1) the definite integral of d/dx [(cx + 1/4)times x] between 0 and 1

2) 1/12 - c times 1

3) 2 times 2/3

Now, I add these all up and equate:

c/2 +4/3 +1/12 -c = 1,

hence solving c = 5/6, however this leads to a negative probability for P(X=1), as 1/12 - 5/6 is less than zero.

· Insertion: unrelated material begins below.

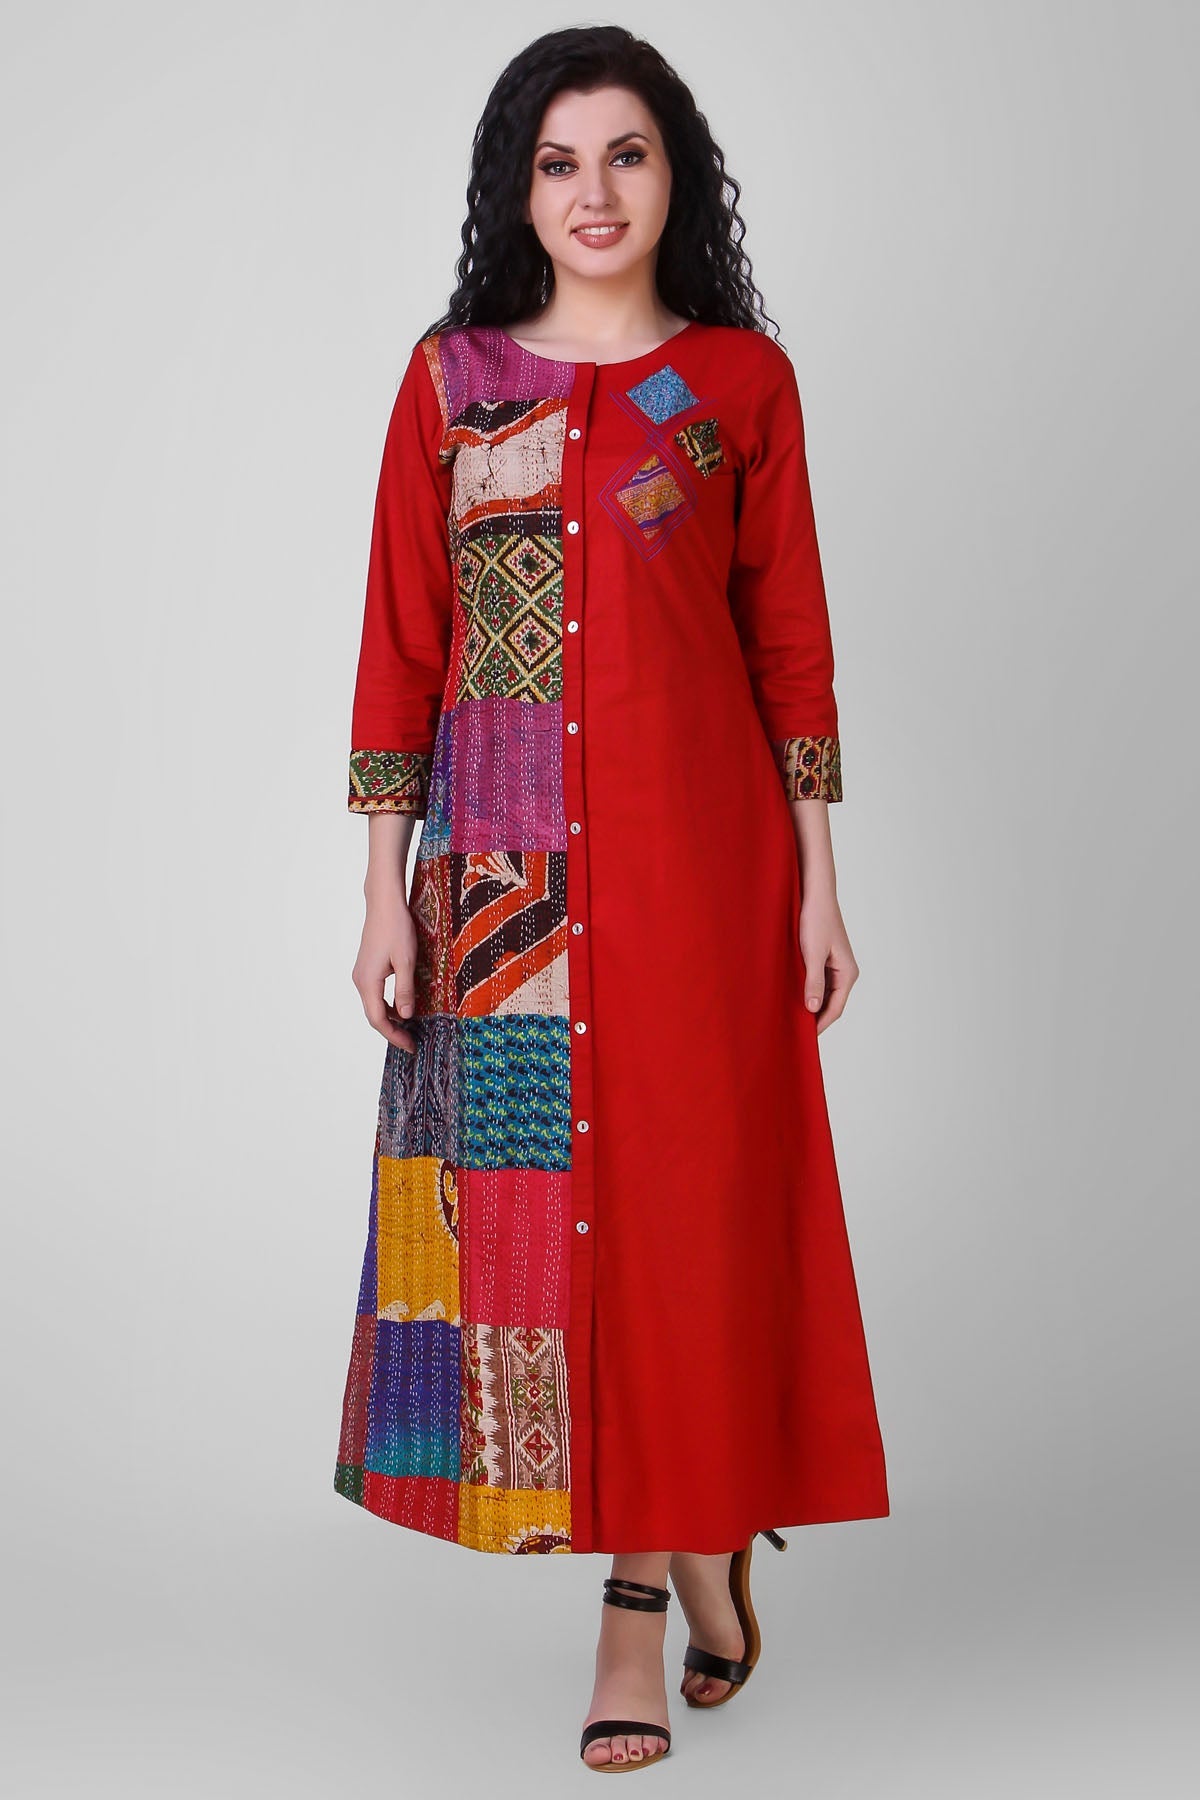 Buy Simply Kitsch Red Dress for Women online available at ScrollnShops

Where have I gone wrong in my above calculations? I think it's to do with my expected value calculation.

Answer 1

Your calculations are all correct. Even with somewhat less work than you did, one can see that it is impossible for the mean to be $1$. Our random variable is non-negative, and is equal to $2$ with probability $2/3$, so has it has mean at least $4/3$. Presumably there is a typo in the description of the cumulative distribution function.

Answer 2

Problems involving mixed random variables are sometimes easier to solve using an alternative definition of the expected value. For a nonnegative random variable, which is what you have, this alternative definition is

$$E[X] = \int_0^{\infty} [1 - F(x)]\,\mathrm dx$$ where the square brackets should not be removed and the integral on the right expressed as the difference of two integrals from $0$ to $\infty$. For your CDF, you can write $$E[X] = \int_0^1 \left[\frac{3}{4} - cx \right]\,\mathrm dx + \int_1^2 \frac{2}{3}\,\mathrm dx + \int_0^{\infty} 0 \,\mathrm dx$$ So, compute the value of the integrals which will give you a function $g(c)$ of $c$, set $E[X] = g(c) = 1$, and solve for $c$.

Edit: Ooops, as André's answer shows, you will get a nonsensical answer if you follow the above procedure for your CDF, but the idea will work for a correctly formulated problem.